As can be seen, our model is around 570 MB, this process takes 17~18 minutes and it has been done without any error. BUT the deployed models in data/models
:
total 20K
drwxr-xr-x 3 root root 4.0K Jun 28 16:04 riva-asr
drwxr-xr-x 3 root root 4.0K Jun 28 16:04 riva-asr-ctc-decoder-cpu-streaming-offline
drwxr-xr-x 3 root root 4.0K Jun 28 16:04 riva-asr-feature-extractor-streaming-offline
drwxr-xr-x 3 root root 4.0K Jun 28 16:04 riva-asr-voice-activity-detector-ctc-streaming-offline
drwxr-xr-x 3 root root 4.0K Jun 28 16:04 riva-trt-riva-asr-am-streaming-offline
are almost empty.
By runing riva_start.init
i got:
Starting Riva Speech Services. This may take several minutes depending on the number of models deployed.

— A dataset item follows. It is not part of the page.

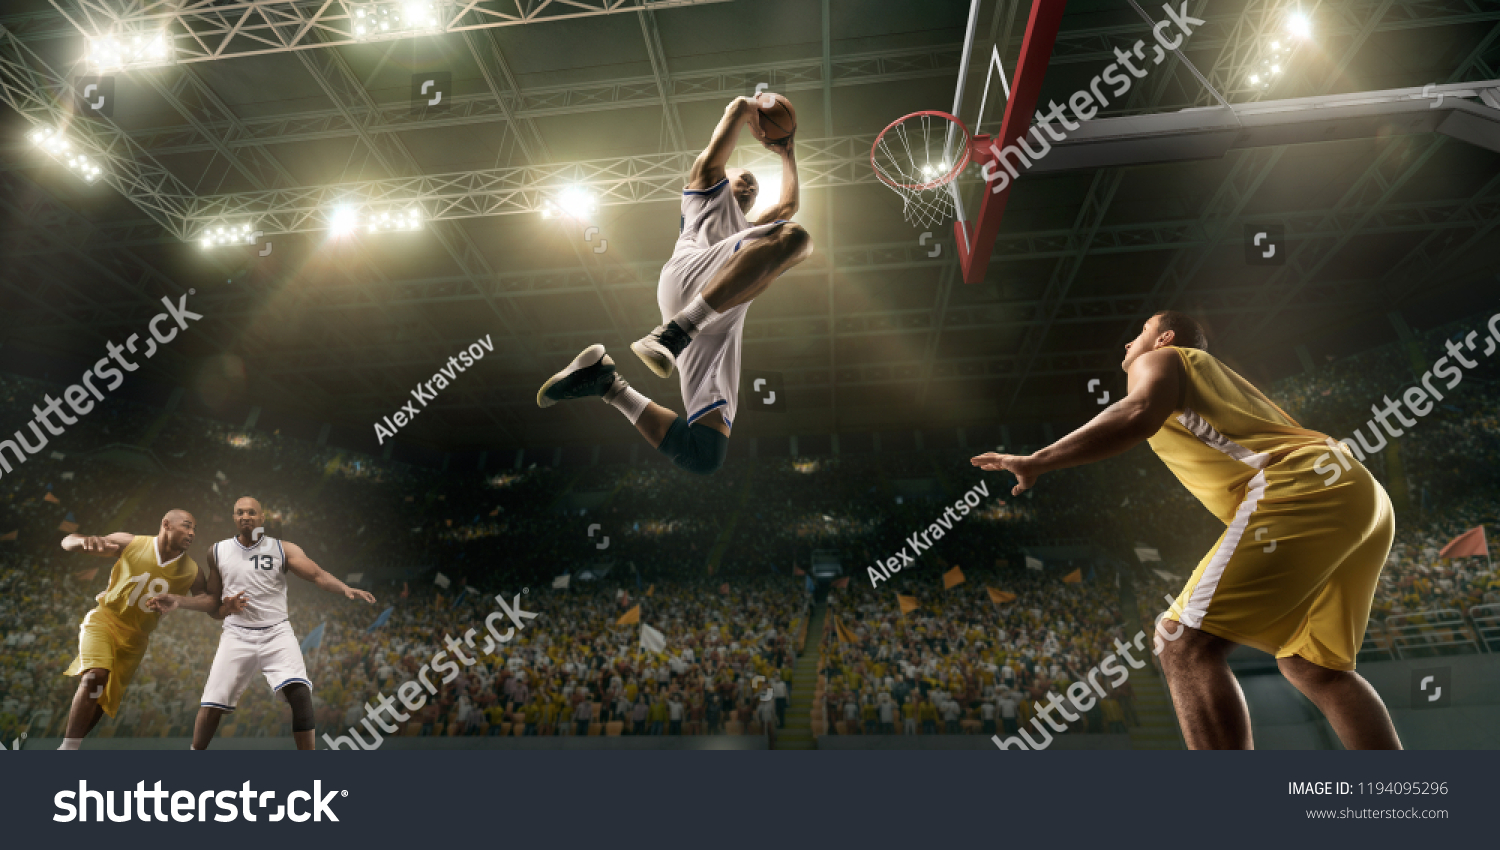 Basketball players on big professional arena during the game. Basketball player makes slum dunk #1194095296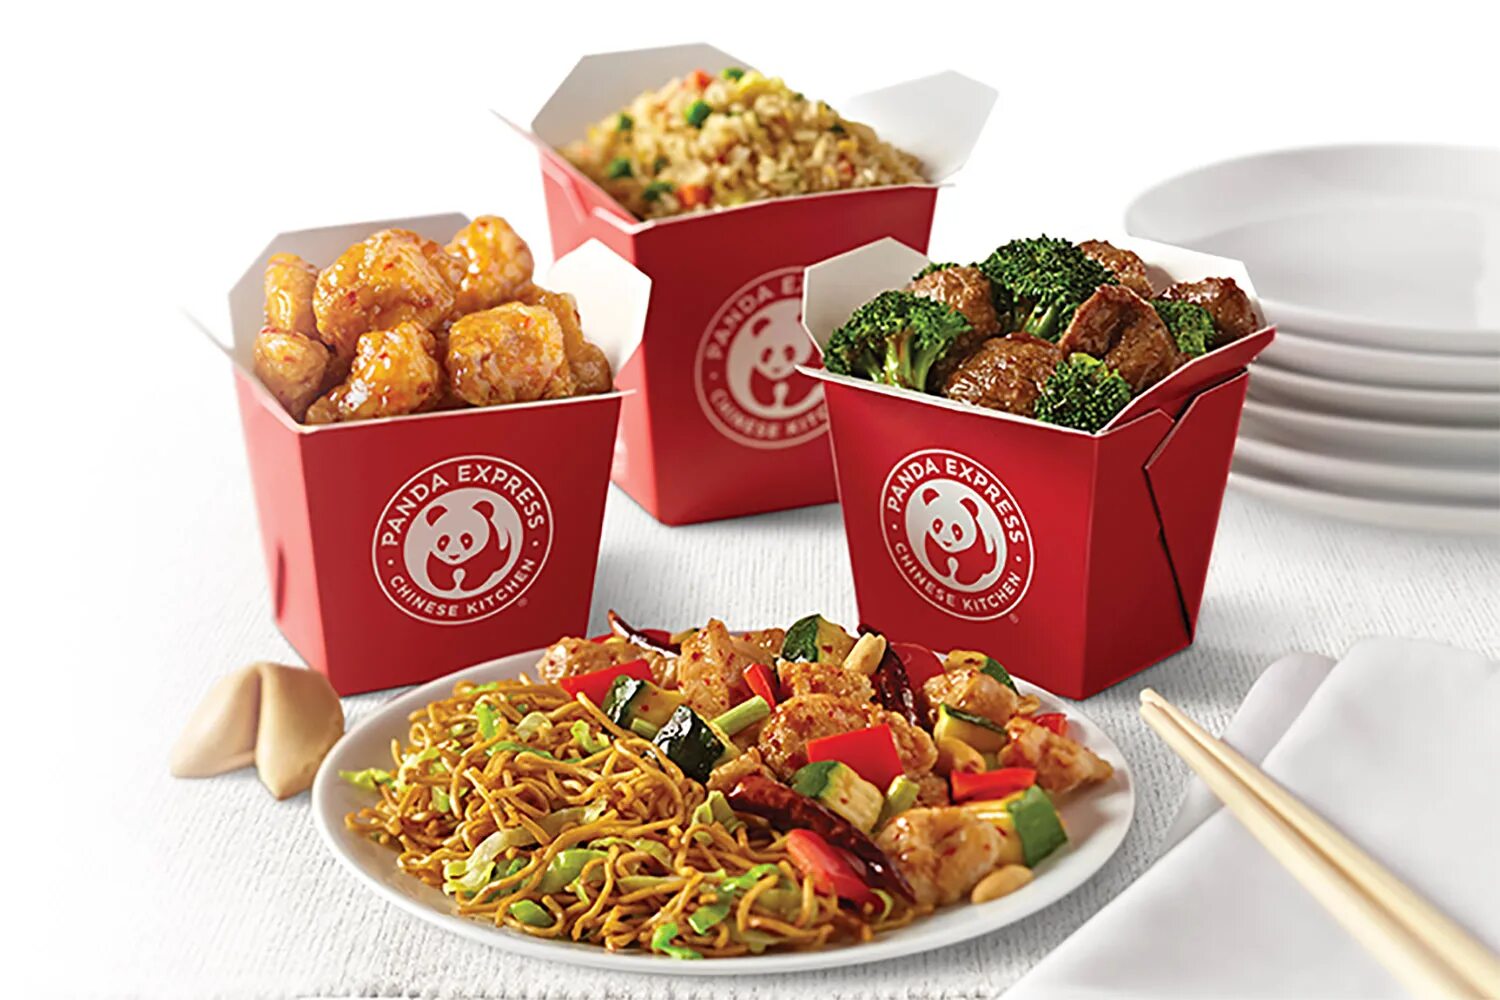 Панда экспресс еда. Китайская еда. Китайский фаст фуд. Китайская еда в коробочках в Америке.

Waiting for Riva server to load all models...retrying in 10 seconds
Waiting for Riva server to load all models...retrying in 10 seconds
Riva server is ready...
which shows that all deployed models are locaded on the Riva server. BUT when i want to send a request to this server for transcribing below audio file by running this code:
audio_file = "example.wav"
server = "localhost:50051"
wf = wave.open(audio_file, 'rb')
with open(audio_file, 'rb') as fh:
data = fh.read()
channel = grpc.insecure_channel(server)
client = rasr_srv.RivaSpeechRecognitionStub(channel)
config = rasr.RecognitionConfig(
sample_rate_hertz=16000,
language_code="en-US",
max_alternatives=5,
enable_automatic_punctuation=False,
audio_channel_count=1,
)
request = rasr.RecognizeRequest(config=config, audio=data)
response = client.Recognize(request)
print(response)
it seems that the loaded models don’t run properly. In fact, audio files are often not transcribed or are just a word or two long:
results {
alternatives {
transcript: "no "
confidence: 1.0
}
channel_tag: 1
audio_processed: 4.800000190734863
}
BUT when I test the fine-tuned model on this audio file using TAO i got:
!tao speech_to_text_citrinet infer \
-e $SPECS_DIR/speech_to_text_citrinet/infer.yaml \
-g 1 \
-k $KEY \
-m $RESULTS_DIR/citrinet/finetune/checkpoints/finetuned-model.tlt \
-r $RESULTS_DIR/citrinet/infer \
file_paths=[$DATA_DIR/example.wav]
Test config :
manifest_filepath: null
sample_rate: 16000
batch_size: 32
shuffle: false
use_start_end_token: false
[NeMo I 2022-06-28 08:44:17 features:255] PADDING: 16
[NeMo I 2022-06-28 08:44:17 features:272] STFT using torch
Transcribing: 100%|███████████████████████████████| 1/1 [00:01<00:00, 1.59s/it]
[NeMo I 2022-06-28 08:44:31 infer:69] The prediction results:
[NeMo I 2022-06-28 08:44:31 infer:71] File: /data/example.wav
[NeMo I 2022-06-28 08:44:31 infer:72] Predicted transcript: tms naers and throat were clear
[NeMo I 2022-06-28 08:44:31 infer:75] Experiment logs saved to '/results/citrinet/infer'
2022-06-28 08:44:33,734 [INFO] tlt.components.docker_handler.docker_handler: Stopping container.
that shows my model works correctly but it’s not properly deployed on the Riva server.
I need to know why this happened and what I should do to fix this.
Hardware: GPU T4
Ubuntu: 22.04
Riva Version: 2.2.0